"DA-AD! I've found the Seed of Wisdom!" the daughter screeched, tearing out into the garden where we were enjoying a quiet cup of tea. This is a remarkable claim to be able to make at any age, let alone for an eight-year-old working in line with National Expectations.

I studied philosophy for three years and I never got close.

Admittedly, the daughter's discovery has less to do with Key Stage 2 than the Playstation 2, but seeds of wisdom are to be cultivated wherever one finds them. I am being forced grudgingly to acknowledge the Ps2's educational value.

Since the daughter and her father embarked on Dragon Quest a game so popular in Japan that it had to be released on a public holiday to prevent nationwide absenteeism she has even been taking the companion book to bed with her.

This is encouraging because her school report said she should be reading more non-fiction. I know dragons are, strictly speaking, fictional, but the way the manual is laid out with tables of weapons, charts of monsters, instructions on how to enter castles and maps of labyrinths is pure textbook.

The only problem is, she's not getting much sleep because she keeps leaping out of bed to discuss tactics with her father.

The two of them now spend their leisure time in a huddle discussing whether to pick up special herbs and debating the scorch power of cheese (it's for a fire-breathing mouse, natch), the better to defeat the myriad of monsters that inhabit this fantasy world. Father's warrior instinct, normally subdued by Civil Service strictures, has also come to the fore. "Don't you go near that sea monster before I get back," he barks, leaving for the office.

Unlike the Japanese female robots with unfeasibly large breasts that father battles after the daughter is asleep, this game is not violent.

The hero fights with a boomerang, although I am concerned about Jessica, a recent addition to the fictional party, who wields a whip. She also has unfeasibly large breasts and has Sex Appeal as her personal speciality. One bat of her eyelids and monsters stop in their tracks. If she does the hustle dance they keel over. Hmmn.

Still, I guess that's educational too. It doesn't hurt to be able to stun a bloke at 30 paces and breasts are part of a woman's natural armoury. I haven't mentioned this specifically to the daughter but the issue was brought up unexpectedly the other day, for which Trinny and Susannah are to blame.
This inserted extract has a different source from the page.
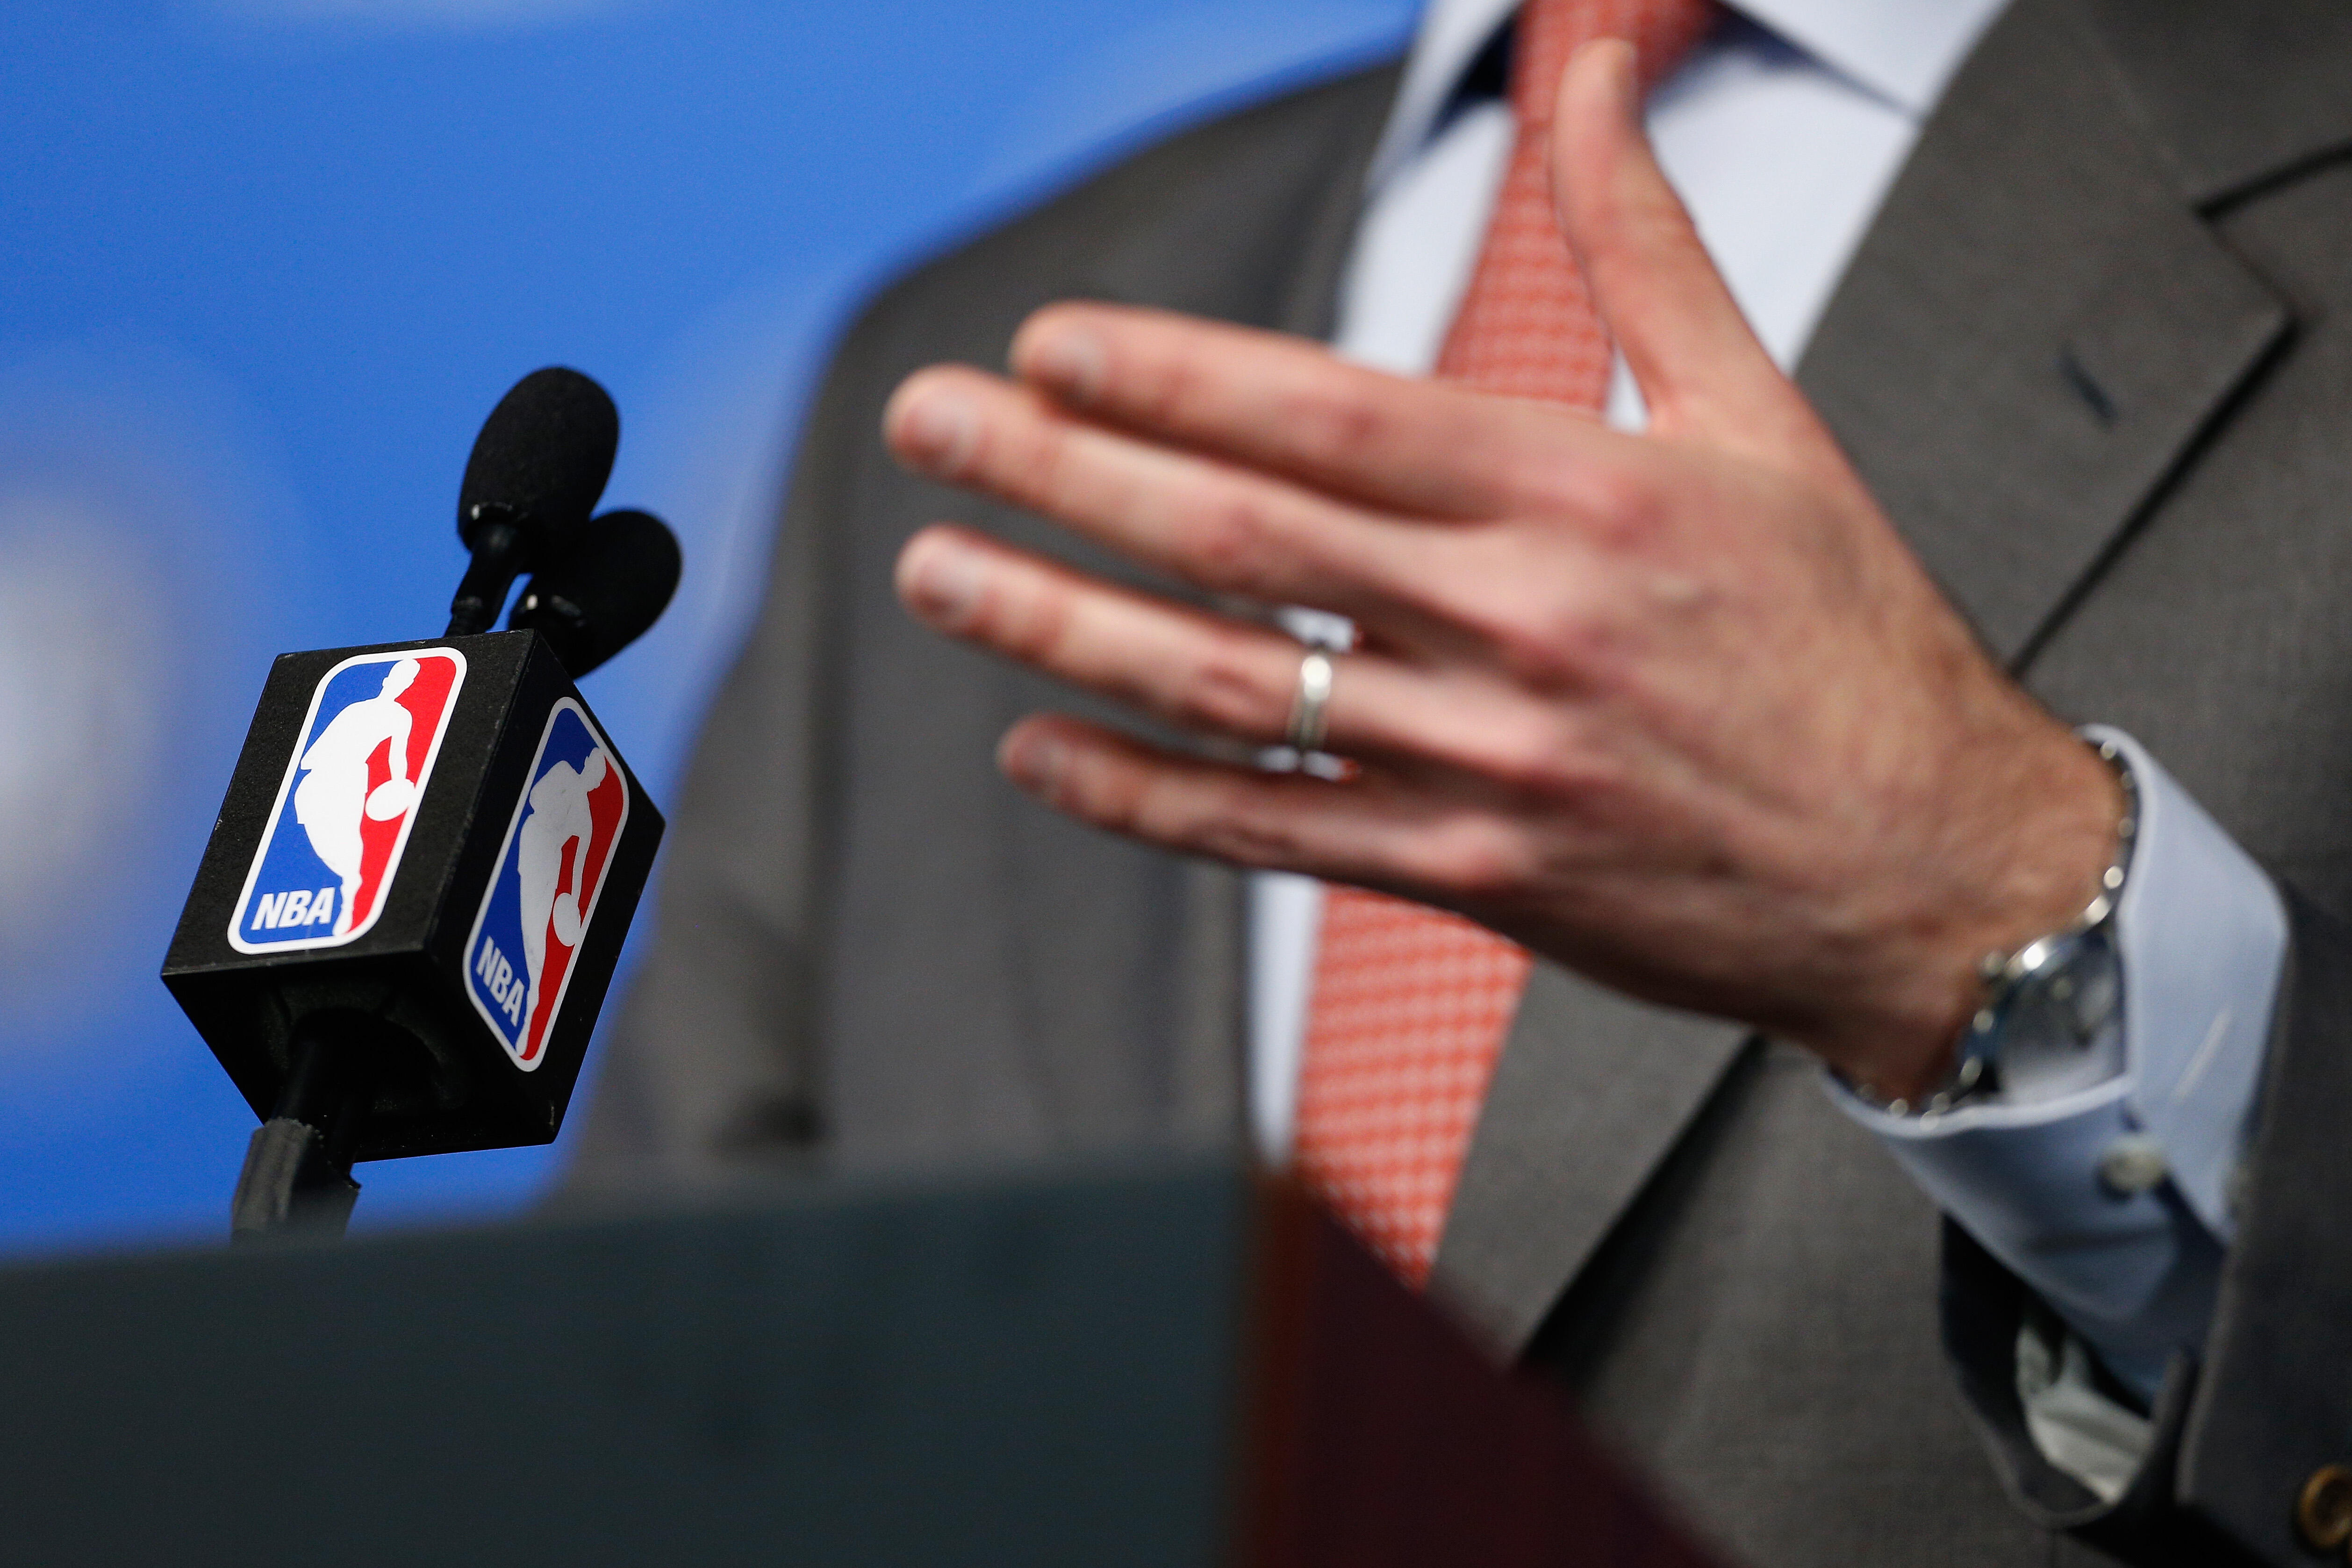 NEW ORLEANS, LA - FEBRUARY 18:  A detailed view of the microphone as NBA Commissioner Adam Silver speaks with the media during a press conference at Smoothie King Center on February 18, 2017 in New Orleans, Louisiana. NOTE TO USER: User expressly acknowle

"Mu-um. What are big tits?" the daughter shouted through the bathroom door, where I was cogitating peacefully.

"What?" I shrieked, hoping I'd misheard and that she was enquiring after a species of garden bird.

"There's big ones. And small ones. And bare bottoms!" she sang triumphantly. I hurried out to find her perusing my copy of What Not To Wear, written in the fashion duo's breezily colloquial style and tastefully illustrated with black-and-white photographs of the aforementioned body parts. We sat and looked through it and discussed Flabby Tummies, Saddlebags, Thick Ankles and Short Necks, as well as the variety in breasts.

It turned out to be a useful experience. She now knows that real women as opposed to busty animated females come in all shapes and sizes. Plus, she knows how to dress for any occasion.

Moreover, she can kick monster ass. By which I mean Funghouls, Pink Pongos, Dancing Devils and their ilk, not big bums, you silly.

l MONSTERS of a smaller variety mini-beasts, as the world of invertebrates is now known, at least at primary-school level have been plaguing me all week.

The combination of hot weather and open windows means the house is crawling with scarily large beetles, moths, spiders, wasps and flies, as well as slugs, which have been sliding up the drain to suck up shampoo scum in the shower.

I had been picking them off gingerly and flushing them down the toilet, figuring they stood at least a fighting chance of survival, although I was worried about them sneaking back up and hiding under the loo seat.

Crunch time came literally after I stepped on one at night and skidded across the bathroom floor.

Against my ecological instincts the husband put down slug pellets, which has stopped their slimy antics but killed a few innocent snails as well.

Slug horror stories also abounded at the Friends' plant stall at Rowntree Park's 85th birthday party last Sunday, the best being from Mike, our chair, who admitted that, when he was a student living in digs, he'd once rolled home to find 36 of them refuelling on the living-room carpet.

At the end of a long, hot but successful afternoon we were left with a few unidentifiable cuttings and a slug trap on the stall, the kind you fill with beer.

I purloined it on the basis that, if I had to kill more of the little monsters, they would at least die happy.

I'd do the hustle dance if I thought it would work on them, but frankly I don't think an A cup will cut it.